Феодосья принялась зевать, потряхивая головой, как телушка, морду которой облепила мошка.
– Ой, не могу, глаза прямо закрываются…
– Спи, любушка моя.
Истома положил на поставец Феодосьино рукоделие и, уложив главу на длань, тоже смежил вежи. И тут же ровно задышал.
…Феодосья проснулась от беготни в сенях. Что-то загрохотало. Зашумела Василиса.
Феодосья так резко открыла глаза и села на одре, что сердце прыгнуло, как заяц.
На одре, там, где лежал Истома, было пусто. Пуста была и горница. Феодосья, не поверив глазам, откинула зачем-то перину, словно Истома мог, в шутку, спрятаться. Под периной возле взголовья лежала маленькая граненая скляница в форме колокольчика с вытянутым горлышком, закрытая стеклянной же пробкой. В склянице лежал неровный, словно морщинистый оранжево-красный шарик, величиной с голубиное яйцо.
– Что за чудо? – пробормотала Феодосья. – Как сей шар ввергнули в скляницу через такое узкое горлышко?
Улыбаясь от удивления, Феодосья принялась крутить и трясти скляницу да рассматривать дно и бока бутылочки. Но нигде не было видно швов или склееных частей.
– Какую презабавную вещь ты мне подарил, Истомушка.
Феодосья извергнула из скляницы затычку и понюхала в горлышке. Из нутра шла, едва уловимая, сладко-пряная воня.
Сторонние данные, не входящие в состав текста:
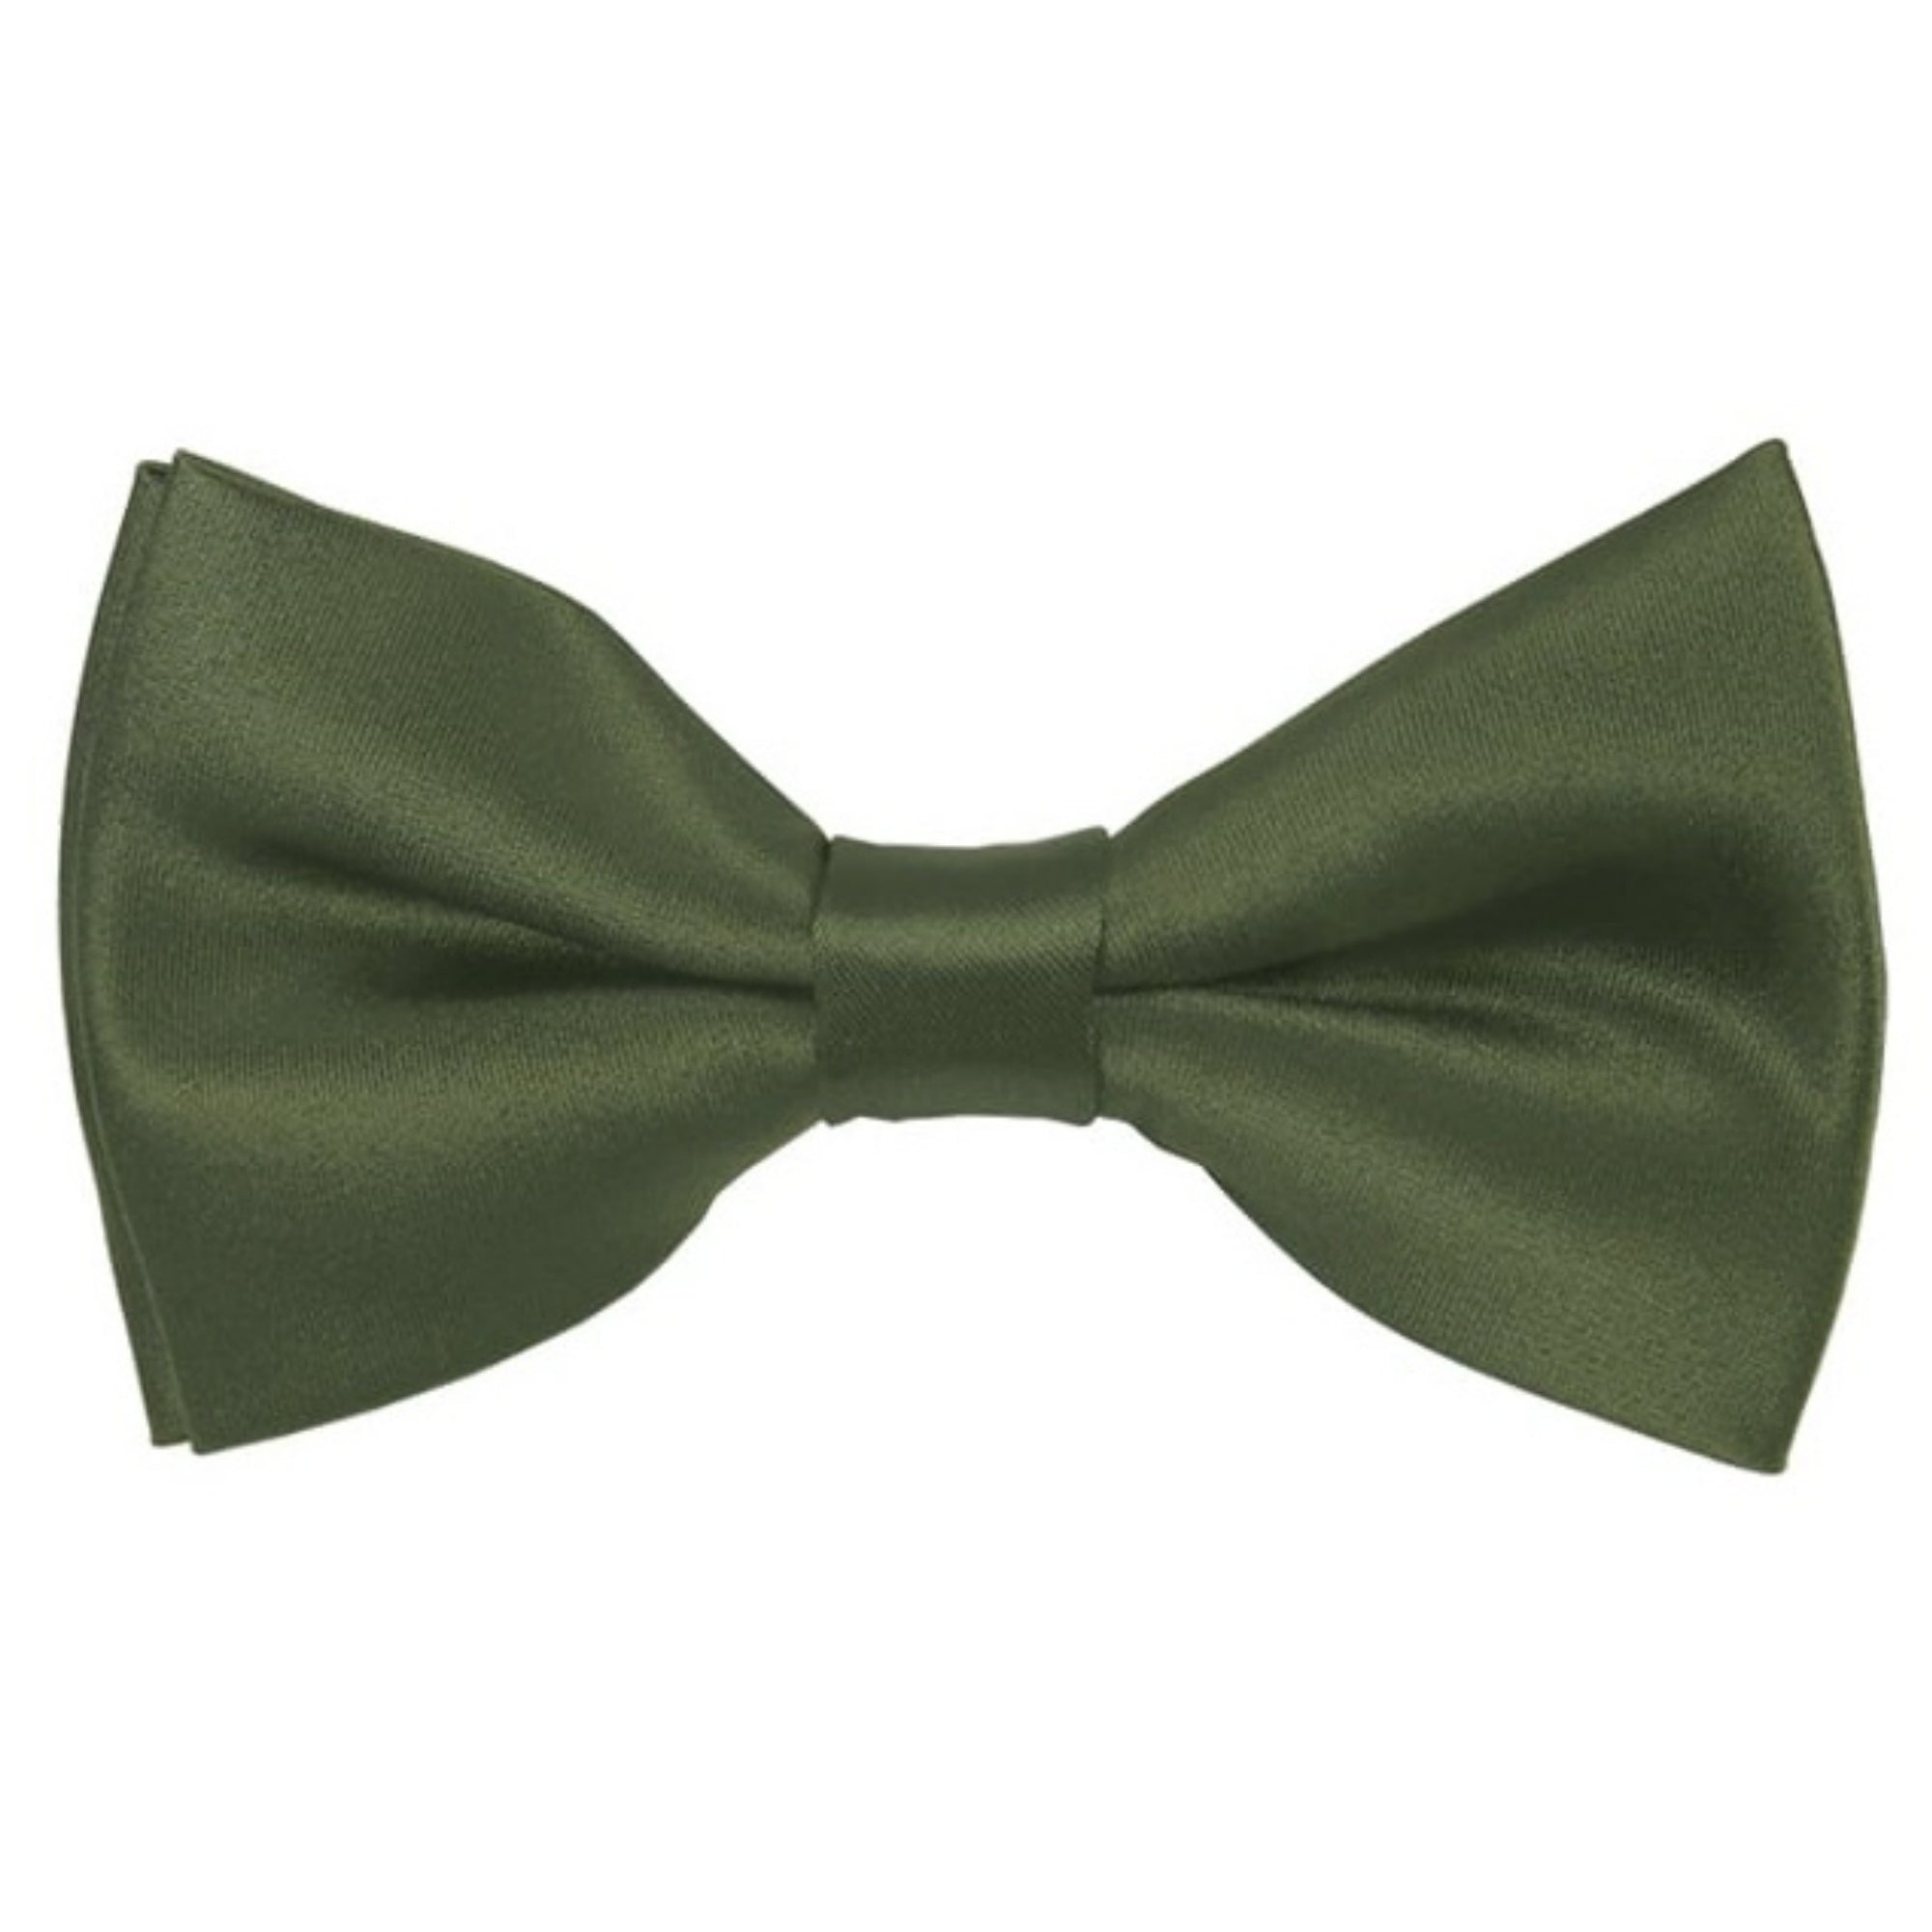 TheDapperTie Men's Solid Color 2.5 W And 4.5 L Inch Pre-Tied adjustable Bow Ties Men's Solid Color Bow Tie TheDapperTie Dark Olive

Феодосья вперила глаз внутрь скляницы, но так и не смогла понять, что за вещица побрякивает внутрях?
Но, подарок был чудным! Ах, Истома! Знал, что преподнести Феодосье! Не коралловые бусы, не золотой канители на шитье, не бисера. А восточную игрушку – мандарин, выращенный и высущенный внутри хрустальной скляницы. С первой встречи понял скоморох, что пуще всего Феодосья любила удивляться и разгадывать чудесные загадки, что задавало ей мироздание.
Феодосья заткнула пробочку и прижала скляницу к груди.
– Как же мне прожить без тебя день, Истомушка?..
Глава седьмая
ВСТРЕЧАЛЬНАЯ
– Феодосьюшка, – позвала из-за дверей Матрена.
– Чего, баба Матрена? – уж слишком быстро и послушно отозвалась Феодосья. Так чадо, наваракозившее в сундуках али сунувшее нос в горшки с вареньями, ясным голосом откликается на вопрос матери, внезапу заглянувшей в горницу: «Ты чего деешь, золотце?» – «Ничего!»
Лишь неожиданно охрипший глас выдал самой Феодосье ея же волнение. Все, что произошло ночью, сейчас, в утреннем свете, предстало другой своей стороной. Феодосья вспыхнула, лицо ея пошло пятнами, словно бежала она, не разбирая дороги, через ельник, и колючие ветви хлестали ея, грешницу, по щекам.
– О-о-ой! Чего аз надеяла-то!.. – простонала Феодосья.
Матрена пошарила в потемках и, отыскав, наконец, скобу, распахнула дверь и втиснулась в горницу.
– Нагрешила уж с утра, а? – насупив брови, с грозной шутливостью вопросила Матрена.
– Аз?.. – неуверенно – не достало простодушной Феодосьюшке сил отнекаться с уверенностью в голосе – промолвила Феодосья и заперебирала портище, заразглаживала перину…
– Ты, кто же еще? Не баба же Матрена, – заколыхалась повитуха. – Заутреню кто проспал? Али не ты?
– Аз… – с облегчением произнесла Феодосья. – Грешна… Ох, грешна-а-а!
– Чего-то ты разоспалась, девушка. Али Юдушка присонился?
– Вот еще! – сильнее, чем следовало, возмутилась Феодосья, пряча глаза, и украдом подпихнула дивную скляницу с мандарином под взголовье. – Юды с его солью мне только во сонме не хватало!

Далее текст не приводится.